Mama laughs delightedly, as I knew she would, and readily agrees. I am a tree-climber and a dirt-digger, not a dancer. She knows this but doesn’t believe it yet. Mama wants to believe that I will dance ballet like her some day. That I will feel my feet fly off the floor and be carried away by the magic of it. She likes to talk about destiny, as if being born in the middle of a dance studio floor means I have hidden talent and grace.
She named me Grace, hoping I would have some, but maybe she should have named me Hope instead. It gave her hope, seeing how the scene of her daughter’s birth reflected into forever in the studio mirrors. Mama knew the images continued beyond what her human eyes could see, and she tells me often that it had to mean something. That I was meant to be born in such a place with images of eternity crowding around me. She explains away my fixation on mirrors and monsters with this story of hers, and it makes a sort of sense.
My imagination swallows her stories whole and then throws them back up onto my mind-canvas as monster shadows and now as a boy who hides in my bedroom mirror. It’s impossible to know what real is when you’ve been born into a made-up story.
Mama and my broken brain. What a pair they make.
The stand mirror in my bedroom is enormous and there is too much room for monsters in it. Sometimes I drag it to my window and tilt it upwards, watching it fill with stars and darkness. I pretend that if I fill it with other things then the monsters can’t get in, but I know it doesn’t work like that. Neither does covering the mirror with a blanket the way Grandpa advises. When I can’t see the monsters, I begin to hear them. I start to think that I can feel their hot, fetid breath on my cheek as I struggle to sleep.
I prefer seeing them to smelling them. Anyone would, really.
My new nightdress has lacy sleeves with pale pink ribbons woven through the cuffs. It is the sort of thing that only the very young or the very old can wear, and I giggle as I hunch over and pretend I am wrinkly and decrepit. And then I spring up, pirouette, and turn to stare myself down, daring the monsters to come.
I’m a rough and tumble girl. I am usually dirt-dusted and rumpled. But tonight my hair is sleek and damp from my evening bath and I am swathed in white flannel. I wonder if the monsters will recognize me, but mostly I wonder about the boy. It has been eleven days. I tell myself that I didn’t ask for the new nightdress because of him, that I just want to do the human race proud in case there are aliens in my mirror waiting to pounce.

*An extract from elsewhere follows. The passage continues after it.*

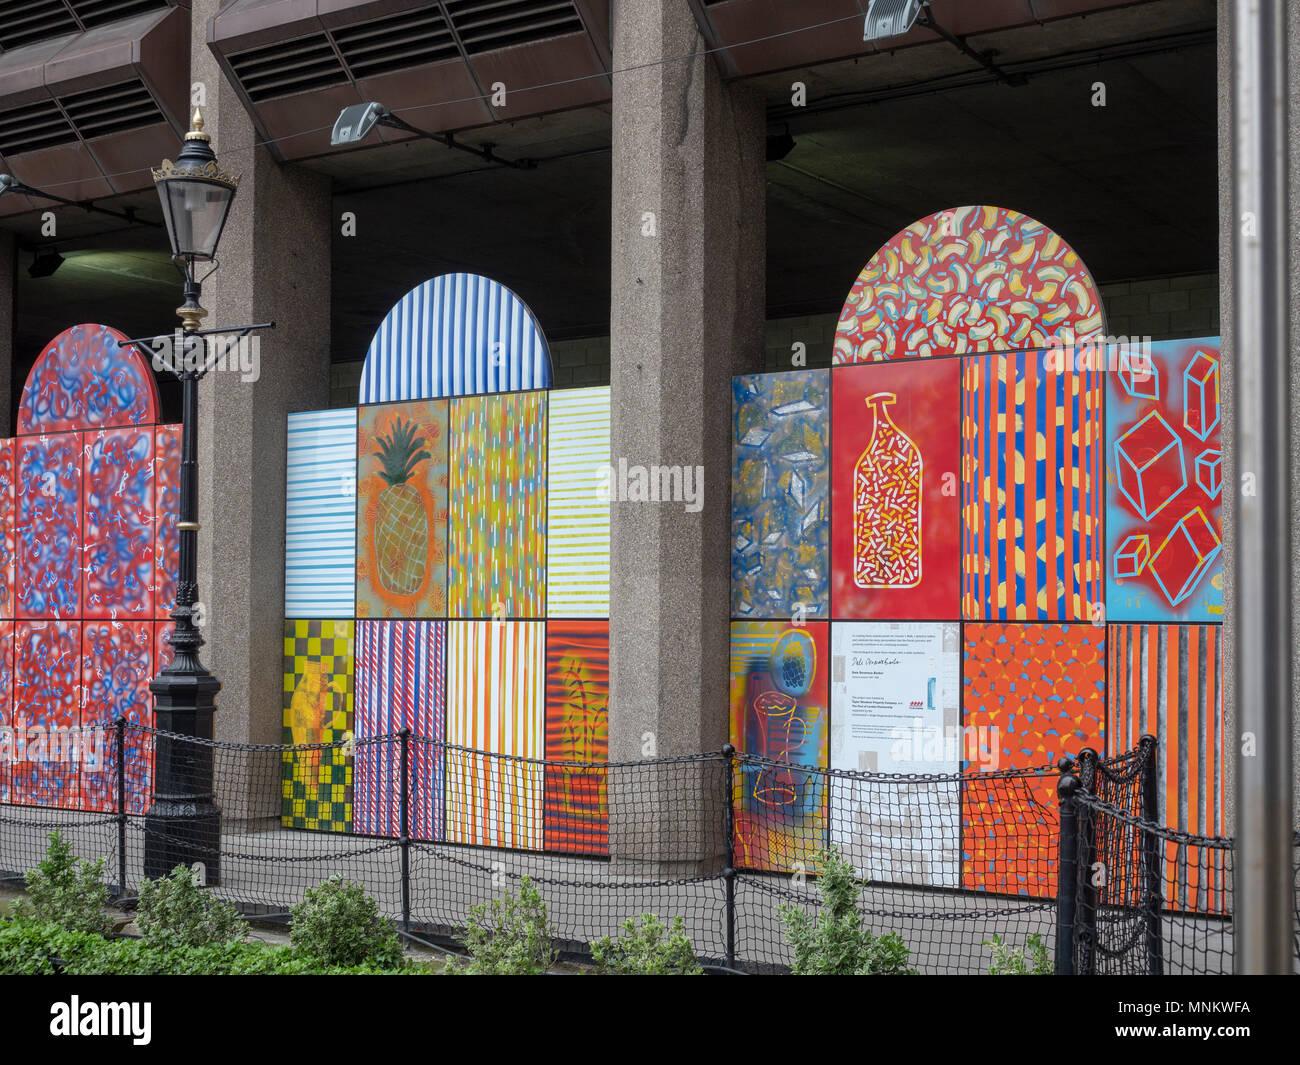 Vitreous enamel panels by artist Dale Devereux Barker, 1998 – Taylor Woodrow Properties, Clositer's Walk, St. Katherine's Docks, London, UK. - Stock Image

It’s all planned out in my mind, the way I’ll react if the aliens do come. The way I’ll struggle valiantly, chin high, hazel eyes sparking with defiance. I even have a speech planned out, denouncing their subversive attack on our planet. My voice will throb with indignation and they will be moved to whatever the alien equivalent of tears is, and my simple, heartfelt speech will pave the way for peace between our peoples.
Either that or they’ll whack me over the head or death-ray me before I get two words out.
The patchwork quilt Mama made me swallows me whole as I sink into the bed. I dig my fingers into the worn fabric and breathe in the scent of lilac laundry soap, trying to keep the mirror out of my line of sight. Once again I’m playing pretend, but not the way twelve-year-olds usually do. I am pretending that I don’t want to see the boy again, and that I haven’t decided that this is the night he should return. I am pretending not to care, which is a silly thing to do. Why lie to the one person who actually knows the truth of it?
I stay awake past 2am and wake up on the floor a few hours later. The mirror towers above me, and pre-dawn light has turned its surface shimmery and white, as if to match my new nightdress. The frame squeaks when I tilt it away from the window, the dark-stained oak grating against itself. I trace my fingers along the grooves of the rounded edges and then grip it, fingernails pressing painfully against the hard wood.
The mirror is empty. He didn’t come.